What I’d Tell Someone Starting This
- Start with the messaging layer, not the AI. Get your bot receiving and sending messages reliably before you add intelligence. Telegram’s Bot API is solid.
- SQLite is enough. For a personal/family system, you don’t need Postgres or Redis. One file, one process,
better-sqlite3, done. - Run embeddings on-device. A quantized MiniLM model on CPU means no API costs and no data leaving your server. Setup on ARM was painful — though the AI debugged most of it. The result: instant, free, private semantic search. (Infrastructure note: Oracle Cloud’s Always Free ARM instances are great for this, but provisioning is an adventure — strict identity verification, no indication that capacity is full, and you end up scripting retries until a slot opens.)
- The system prompt is the product — but not just the prompt. I’ve spent more time on the system prompt than on application code. Every failure mode was ultimately fixed by making it more explicit. But it doesn’t scale as a monolith. What worked: progressive disclosure — a concise system prompt (~200 lines) the brain always sees, plus a detailed conventions file (~460 lines) it reads on demand for domain-specific tasks. Giving the brain the right tools matters as much as giving it the right instructions.
- Let the AI modify itself. This accelerated everything. Instead of edit-build-deploy-test, I describe what I want and the bot implements it. It has better context about its own codebase than I do.
- Capture everything, organize later. The ambient pipeline means I don’t decide what to store. Conversations happen, the bot files the important parts, and weeks later I can ask “what did we say about X?” The knowledge base builds itself.
This runs on a single ARM64 server, one SQLite file, and a Claude subscription. The most valuable part isn’t any single feature — it’s the accumulation of context over time. The bot knows our library books are due, that we moved the chestnut trees last month, what curriculum year each kid is on. It can take my brainstorming about a flower garden, cross-reference the email receipt for the seeds I ordered, clean it all up, and then go research what I need to know about planting them. That kind of ambient, persistent memory changes how you interact with an AI. It stops being a tool you query and starts being an assistant that knows you.
Links and Inspiration
- Nate Jones’ Open Brain guide — The context layer approach that inspired some of this thinking. Nate’s stack is more enterprise (Postgres, Redis, OAuth 2.1), but the core idea is the same: give your AI a persistent, searchable memory. In the future I do want to open my bots brain to safe integrations with any AI since, who knows what’s coming in the AI world. Apparently Claude’s a supply chain risk.

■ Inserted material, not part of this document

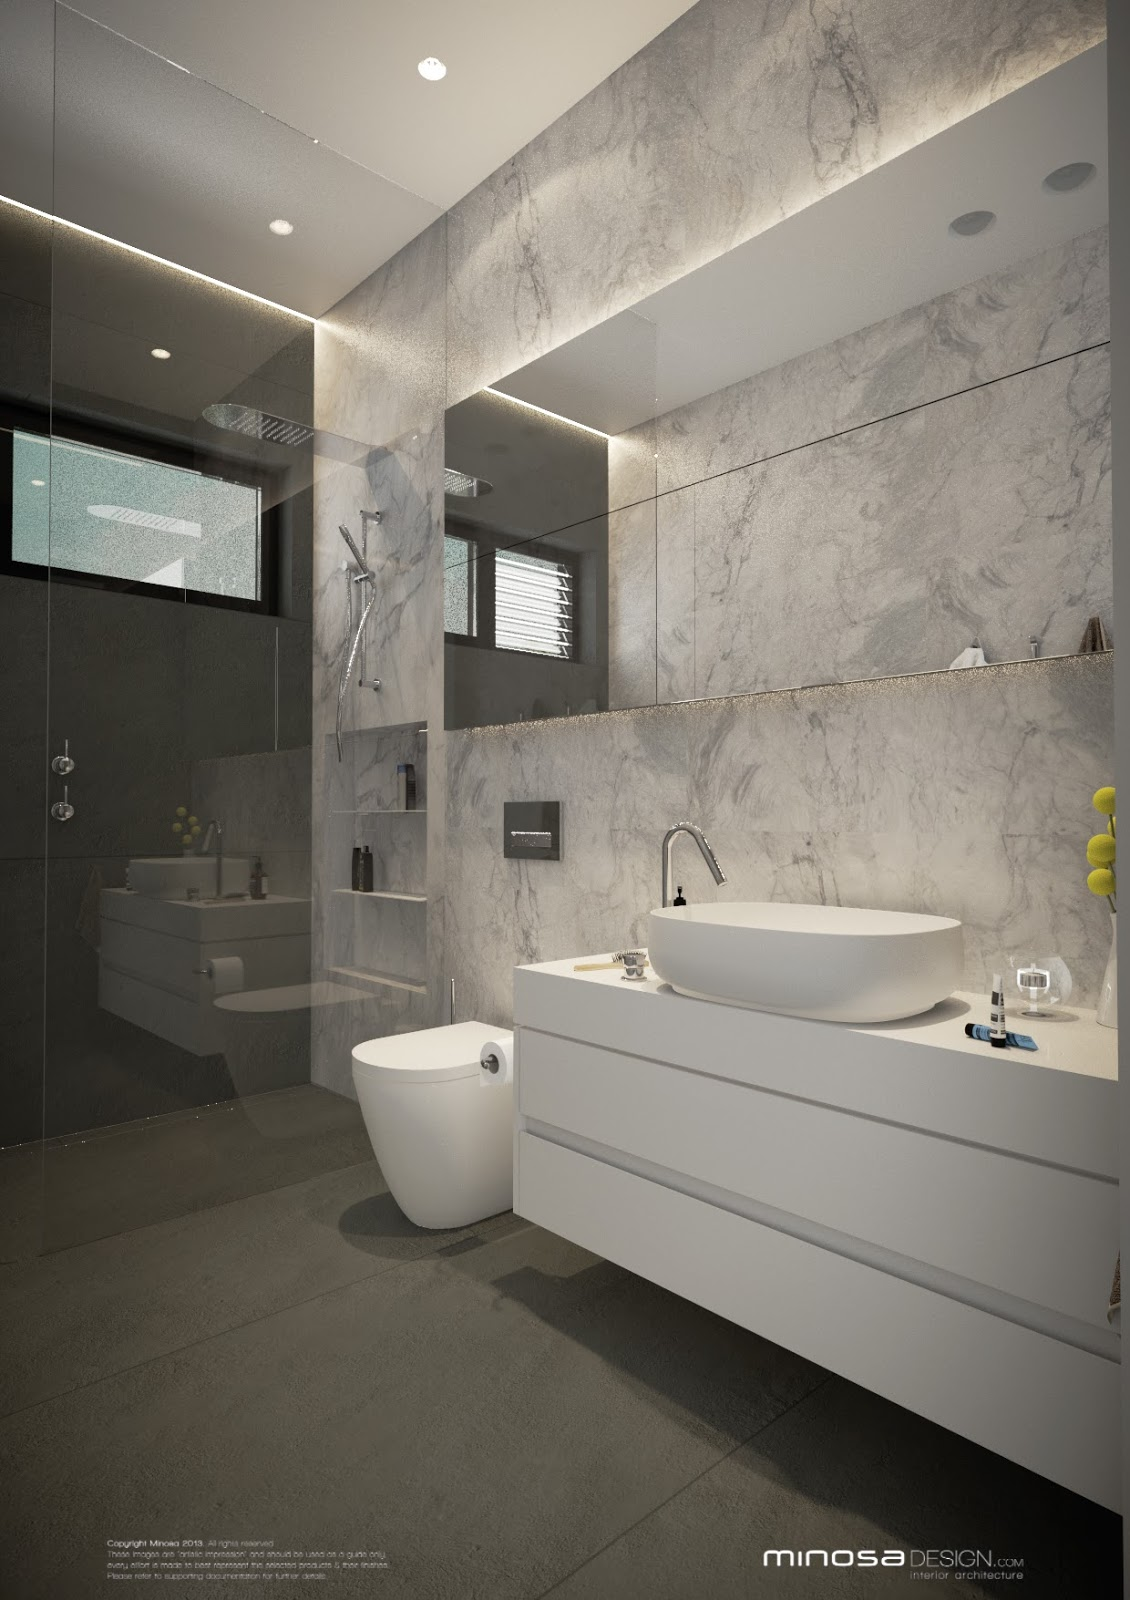 Minosa: Modern Monochrome Bathroom Design on Monochromatic Bathroom Ideas  id=23406
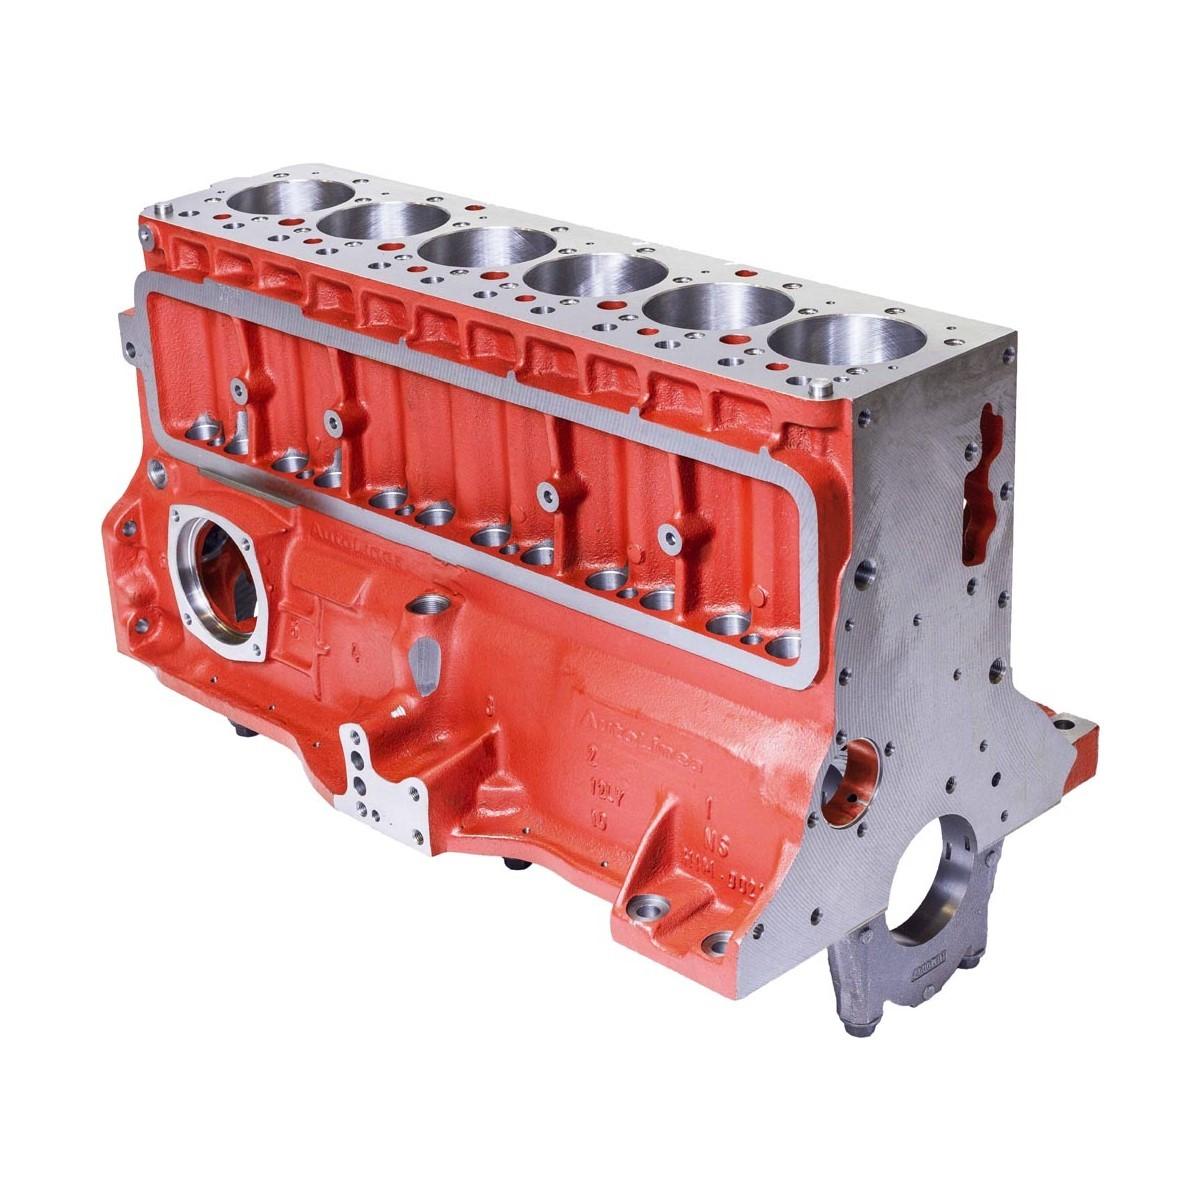 Bloco Motor MB 1113 1313 1513 1516 2013 2016 2216 Om352 352a

- Telegram Bot API — Solid, well-documented, free. Forum-style supergroups with topic threads are underrated for family coordination. Set privacy mode OFF so the bot receives all group messages, and disable group joining so it can’t be added to random chats.
- Oracle Cloud Always Free tier — 4 ARM cores, 24 GB RAM, free forever. Provisioning tip: capacity is almost always “full” — use a retry script to keep requesting until a slot opens.
- Obsidian — Local-first, markdown, git-syncable. The vault-as-knowledge-base pattern works well with an AI that can read and write files. I’ve been using this for a few years and have migrated all my old stuff from Evernote and mostly from OneNote. Pure text.
- Claude Agent SDK — What powers the brain. Sonnet for tool-using reasoning, Haiku for cheap classification.
- Model Context Protocol (MCP) — How the integrations connect. Each MCP server is a small Python script exposing tools over stdio.